QOJ1285 Stirling Number

QOJ 传送门

因为 $x^{\overline p} \equiv x^p - x \pmod p$，所以设 $n = pq + r$，其中 $r \in [0, p - 1]$，则有：

$$\begin{aligned} x^{\overline n} & = (\prod\limits_{i = 0}^{q - 1} (x + ip)^{\overline p}) (x + pq)^{\overline r} \\ & = (x^p - x)^q (x + pq)^{\overline r} \\ & = (x^p - x)^q x^{\overline r} \\ & = x^q (x^{p - 1} - 1)^q x^{\overline r} \end{aligned}$$

设 $k - q = a(p - 1) + b$，其中 $b \in [0, p - 2]$，那么：

$$\begin{aligned} \begin{bmatrix} n \\ k \end{bmatrix} & = [x^k] x^{\overline n} \\ & = [x^k] x^q (x^{p - 1} - 1)^q x^{\overline r} \\ & = [x^{k - q}] (x^{p - 1} - 1)^q x^{\overline r} \\ & = (-1)^{q - a} \binom{q}{a} \begin{bmatrix} r \\ b \end{bmatrix} \end{aligned}$$

设 $m - q = k(p - 1) + t$，其中 $t \in [0, p - 2]$，那么：

$$\sum\limits_{i = 0}^m \begin{bmatrix} n \\ i \end{bmatrix} = \sum\limits_{i = 0}^t \begin{bmatrix} r \\ i \end{bmatrix} \sum\limits_{j = 0}^k (-1)^{q - j} \binom{q}{j} + \sum\limits_{i = t + 1}^r \begin{bmatrix} r \\ i \end{bmatrix} \sum\limits_{j = 0}^{k - 1} (-1)^{q - j} \binom{q}{j}$$

又因为：

$$\sum\limits_{i = 0}^m (-1)^i \binom{n}{i} = (-1)^m \binom{n - 1}{m}$$

这个式子由 $\binom{n}{m} = \binom{n - 1}{m} + \binom{n - 1}{m - 1}$ 易证。

那么：

$$\begin{aligned} \sum\limits_{i = 0}^m \begin{bmatrix} n \\ i \end{bmatrix} & = \sum\limits_{i = 0}^t \begin{bmatrix} r \\ i \end{bmatrix} (-1)^{q - k} \binom{q - 1}{k} + \sum\limits_{i = t + 1}^r \begin{bmatrix} r \\ i \end{bmatrix} (-1)^{q - k + 1} \binom{q - 1}{k - 1} \\ & = \sum\limits_{i = 0}^t \begin{bmatrix} r \\ i \end{bmatrix} (-1)^{q - k} \binom{q - 1}{k} + \sum\limits_{i = 0}^r \begin{bmatrix} r \\ i \end{bmatrix} (-1)^{q - k + 1} \binom{q - 1}{k - 1} + \sum\limits_{i = 0}^t \begin{bmatrix} r \\ i \end{bmatrix} (-1)^{q - k} \binom{q - 1}{k - 1} \\ & = (-1)^{q - k} (\binom{q}{k} \sum\limits_{i = 0}^t \begin{bmatrix} r \\ i \end{bmatrix} - \binom{q - 1}{k - 1} \sum\limits_{i = 0}^r \begin{bmatrix} r \\ i \end{bmatrix}) \\ & = (-1)^{q - k} (\binom{q}{k} \sum\limits_{i = 0}^t \begin{bmatrix} r \\ i \end{bmatrix} - \binom{q - 1}{k - 1} r!) \end{aligned}$$

那么剩下的问题是给定 $r, t$，求 $x^{\overline r}$ 的前 $t$ 次项系数和。

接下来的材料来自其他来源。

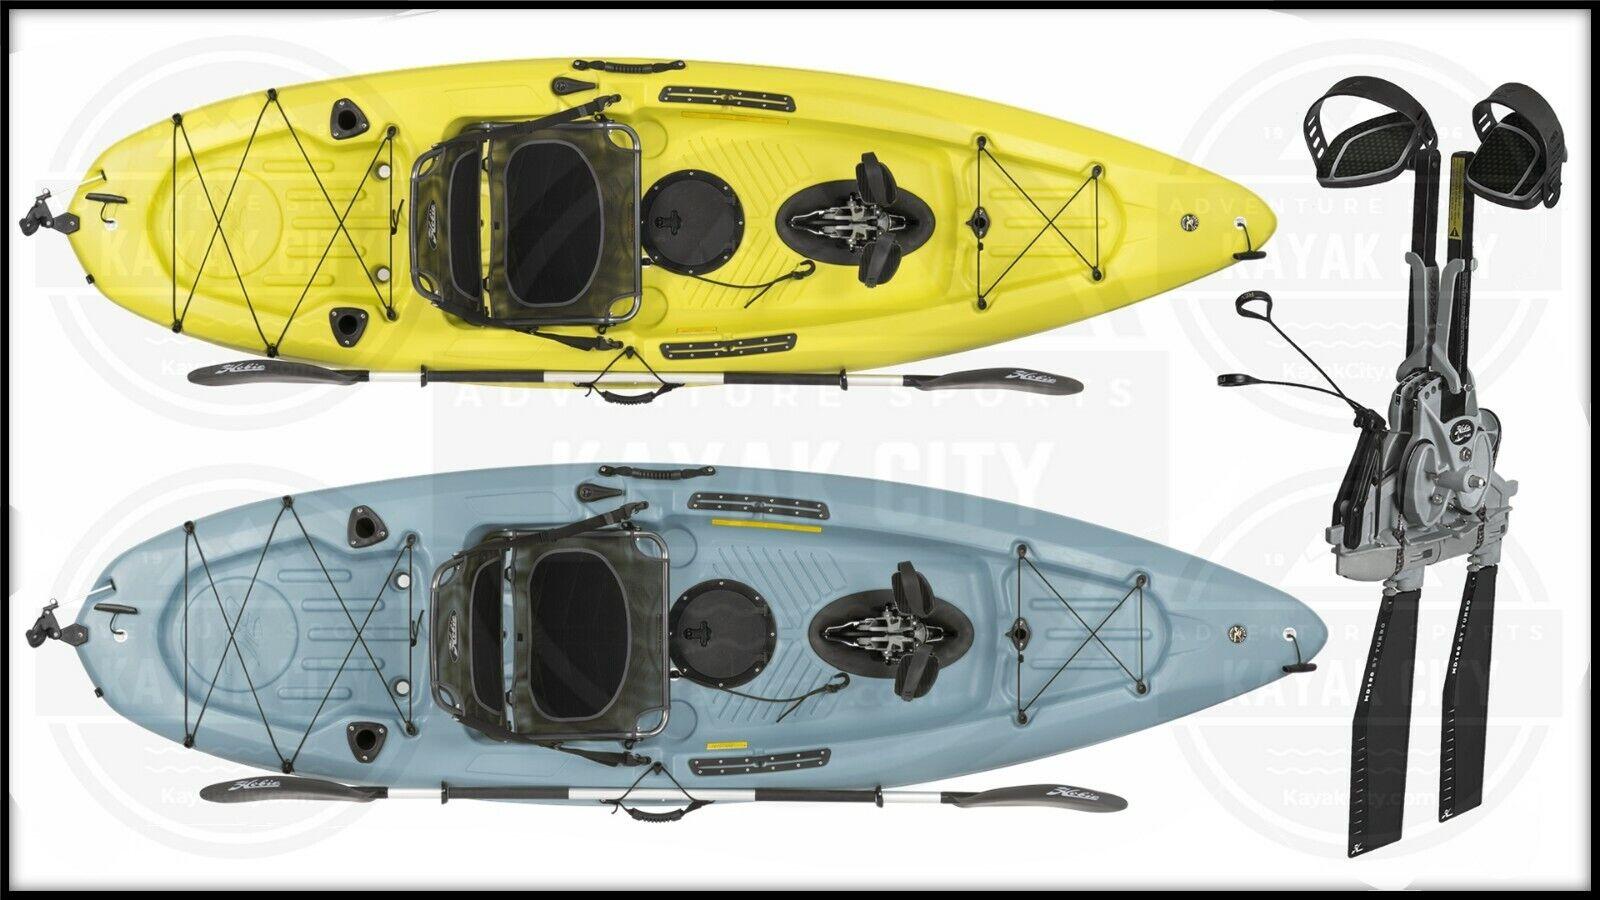 2019 Hobie Mirage Passport 10.5 - Fishing Kayak w/180 Revers

考虑一个多项式 $f(x)$，设模数的原根为 $g$，若我们求出 $f(g^0), f(g^1), \ldots, f(g^{p - 2})$，那么我们可以线性地求出 $f(x)$ 的前 $t$ 次项系数和。

具体地，考虑 $\sum\limits_{i = 0}^{p - 2} g^{ki}$，只有当 $k = 0$ 时这个式子等于 $p - 1 \equiv -1 \pmod p$，当 $k \ne 0$ 时由等比数列求和公式可知它等于 $0$。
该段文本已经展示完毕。